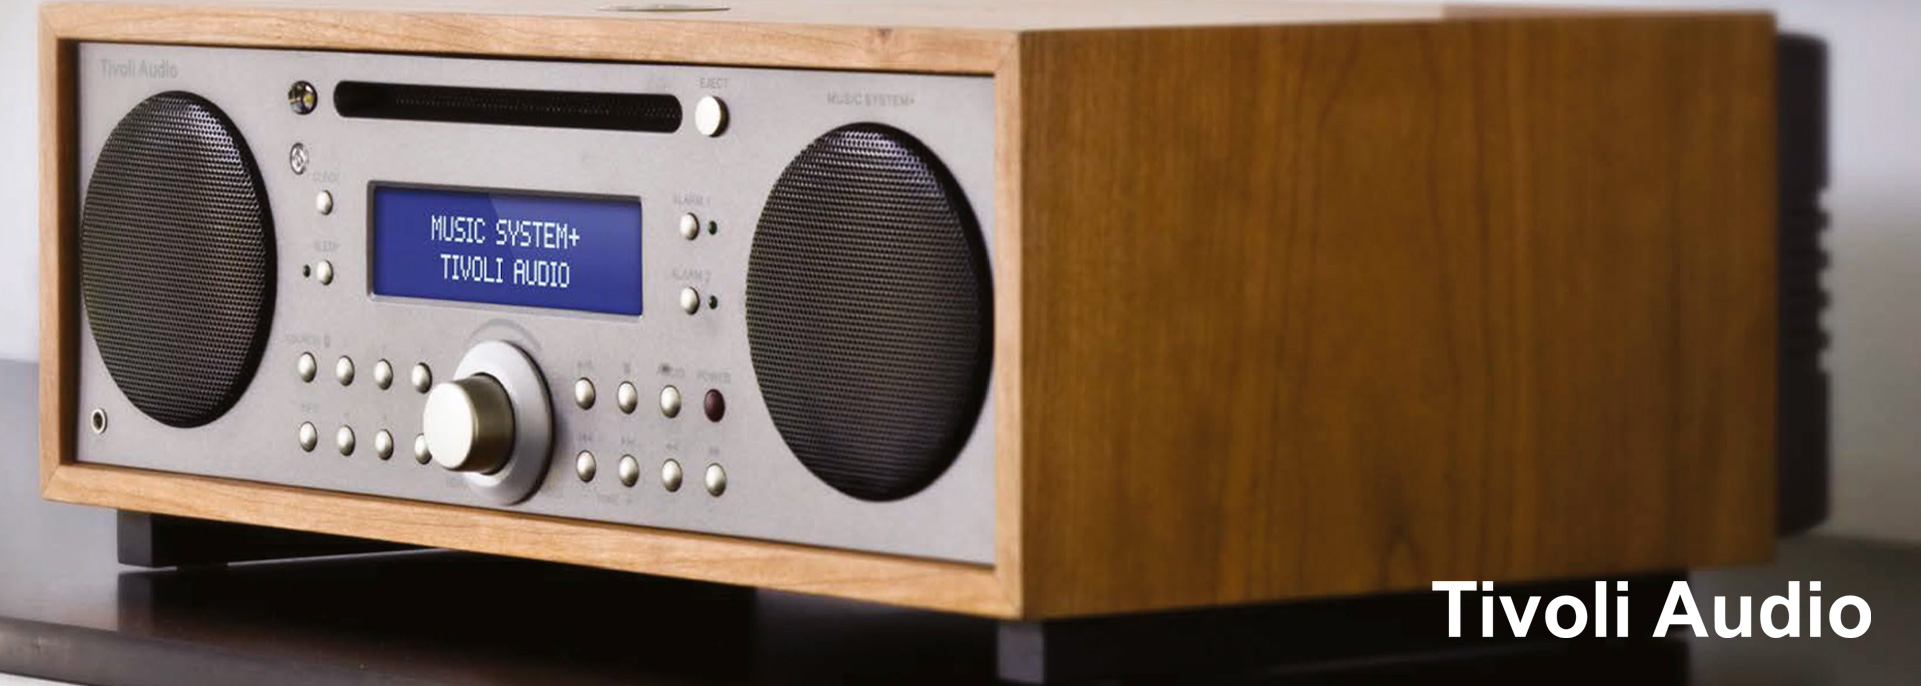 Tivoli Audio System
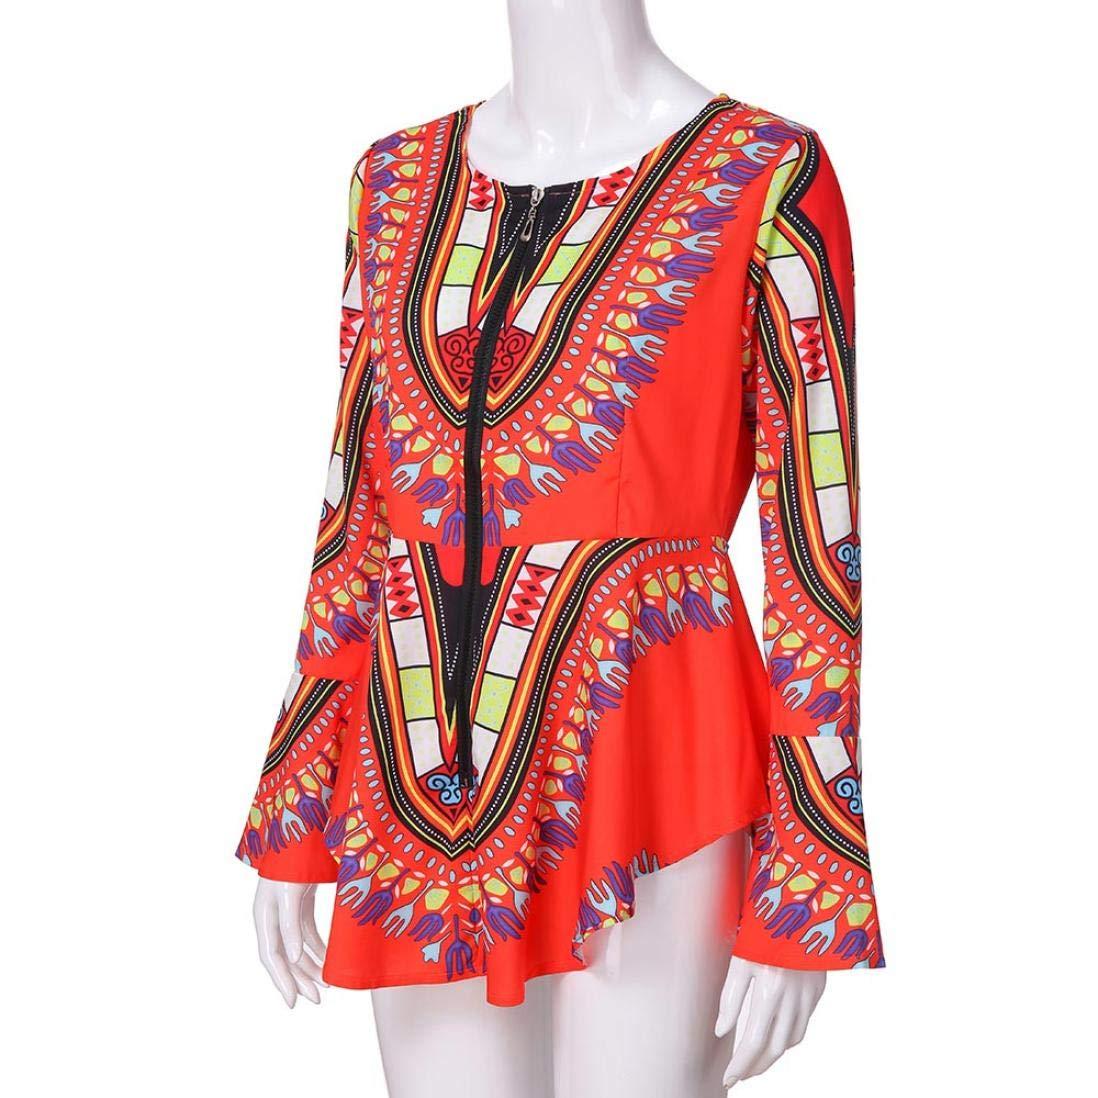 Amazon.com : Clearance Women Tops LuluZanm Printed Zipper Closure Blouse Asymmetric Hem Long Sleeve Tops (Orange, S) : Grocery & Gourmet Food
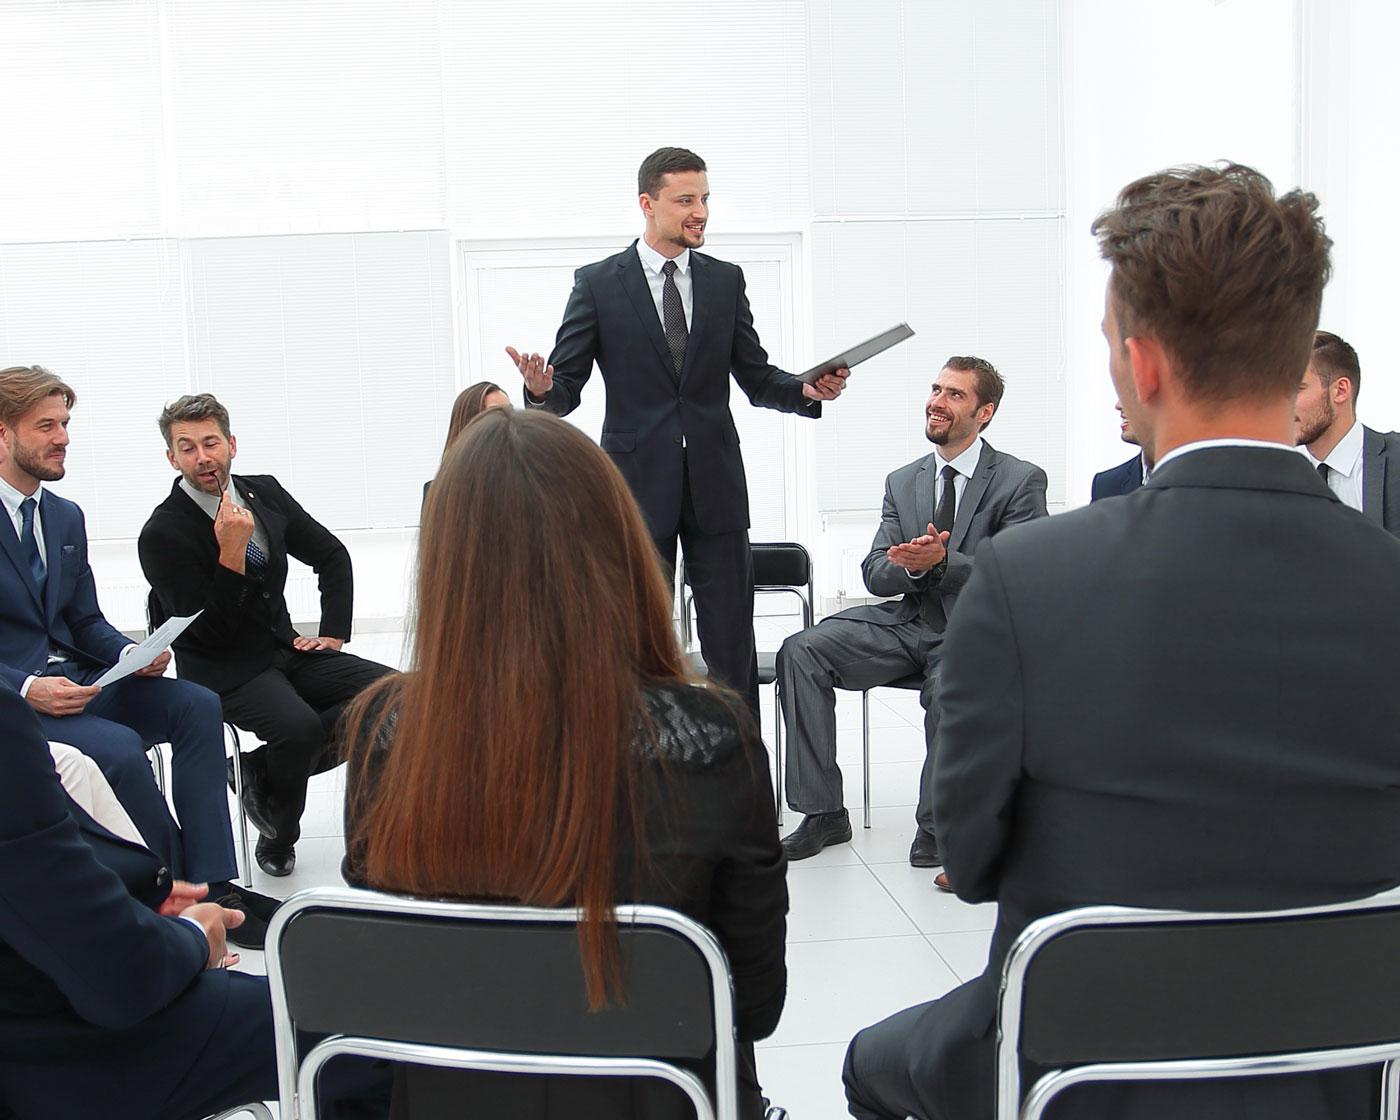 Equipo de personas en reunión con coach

★ ★ ★

**What to work on**
No pictures belong in the copy. Return exactly the lines from the line containing "Amazon.com : Clearance" through the last line of the listing.

**Written reply**
 Amazon.com : Clearance Women Tops LuluZanm Printed Zipper Closure Blouse Asymmetric Hem Long Sleeve Tops (Orange, S) : Grocery & Gourmet Food
 Equipo de personas en reunión con coach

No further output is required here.